TensorRT on RTX 3080 slow down

r05943077 · March 2, 2022, 9:34am

We are using tensorRT on RTX3080 GPU to inference unet.

At the beginning, TensorRT unet takes only 1ms. However, after some iterations, the inference becomes slower. It reaches 3ms afterwards, which is slower.

The GPU temperature is 35C degree, not too hot. The GPU usage is not more than 30%, and the GPU memory is less than 1500MB. Could someone provide some insights regarding this issue?
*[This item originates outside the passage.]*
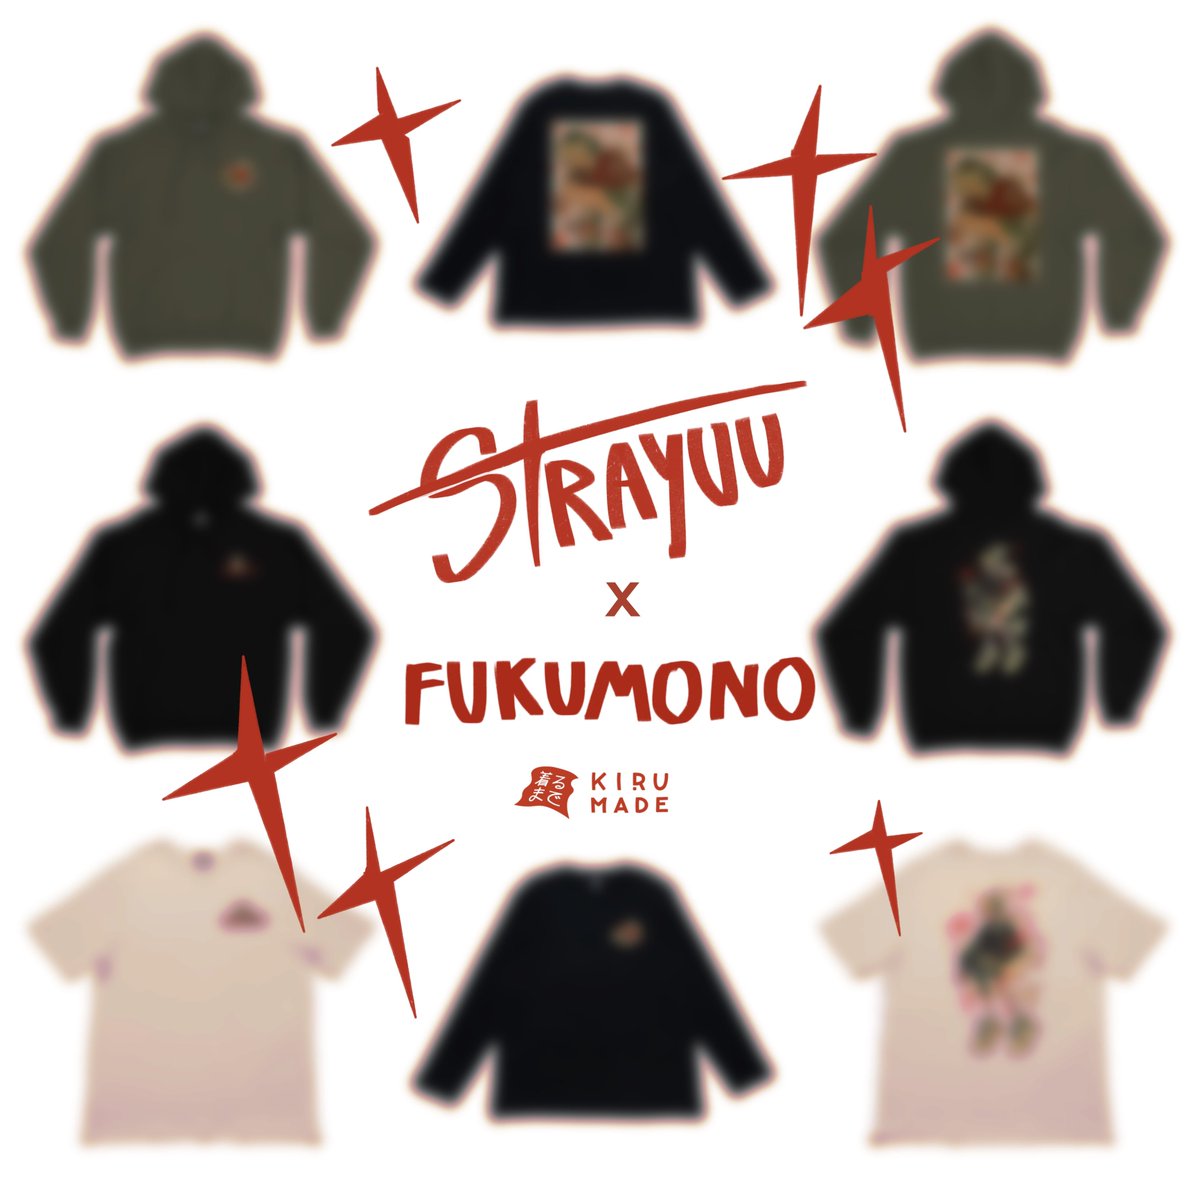 FUKUMONO X STRAYUU
apparel collection drop -> Nov.10 @ 8am utc-8 🍁

Thanks in advance.

We use:
Cudnn 8.2.3
TensorRT 8.4
Windows 10
CUDA 11.6
RTX 3080

the code is as below:

cudaStream_t stream;
CHECK(cudaStreamCreate(&stream));
CHECK(cudaMemcpyAsync(buffers[inputIndex], input, input_size * sizeof(float), cudaMemcpyHostToDevice, stream));
enqueueV2(buffers, stream, nullptr);
CHECK(cudaMemcpyAsync(output, buffers[outputIndex], output_size * sizeof(float), cudaMemcpyDeviceToHost, stream));
cudaStreamSynchronize(stream);
cudaStreamDestroy(stream);

NVES · March 2, 2022, 10:07am

Hi,
Request you to share the model, script, profiler and performance output if not shared already so that we can help you better.
Alternatively, you can try running your model with trtexec command.
https://github.com/NVIDIA/TensorRT/tree/master/samples/opensource/trtexec

While measuring the model performance, make sure you consider the latency and throughput of the network inference, excluding the data pre and post-processing overhead.
Please refer below link for more details:
https://docs.nvidia.com/deeplearning/tensorrt/archives/tensorrt-722/best-practices/index.html#measure-performance
https://docs.nvidia.com/deeplearning/tensorrt/best-practices/index.html#model-accuracy

Thanks!

r05943077 · March 9, 2022, 9:34am

We can use mobilenet to get the strange result.
The onnx is as follows:

github.com

onnx/models/blob/main/vision/classification/mobilenet/model/mobilenetv2-7.onnx

version https://git-lfs.github.com/spec/v1
oid sha256:0e7c0aa4bc74650386fa1d2c84705753de7c2bdb21909ada5c59154bb429e092
size 13963115

We use trtexec to convert and run inference.
To convert:
trtexec --saveEngine=mobile.trt --onnx=mobilenetv2-7.onnx

To run inference:
trtexec --loadEngine=mobile.trt --dumpProfile --duration=0 --warmUp=0 --sleepTime=20 --idleTime=20 --verbose --iterations=N

When N=10, inference takes about 2.1 ms.
When N=100, inference takes about 2.1 ms.
When N=1000, inference takes about 3.6 ms.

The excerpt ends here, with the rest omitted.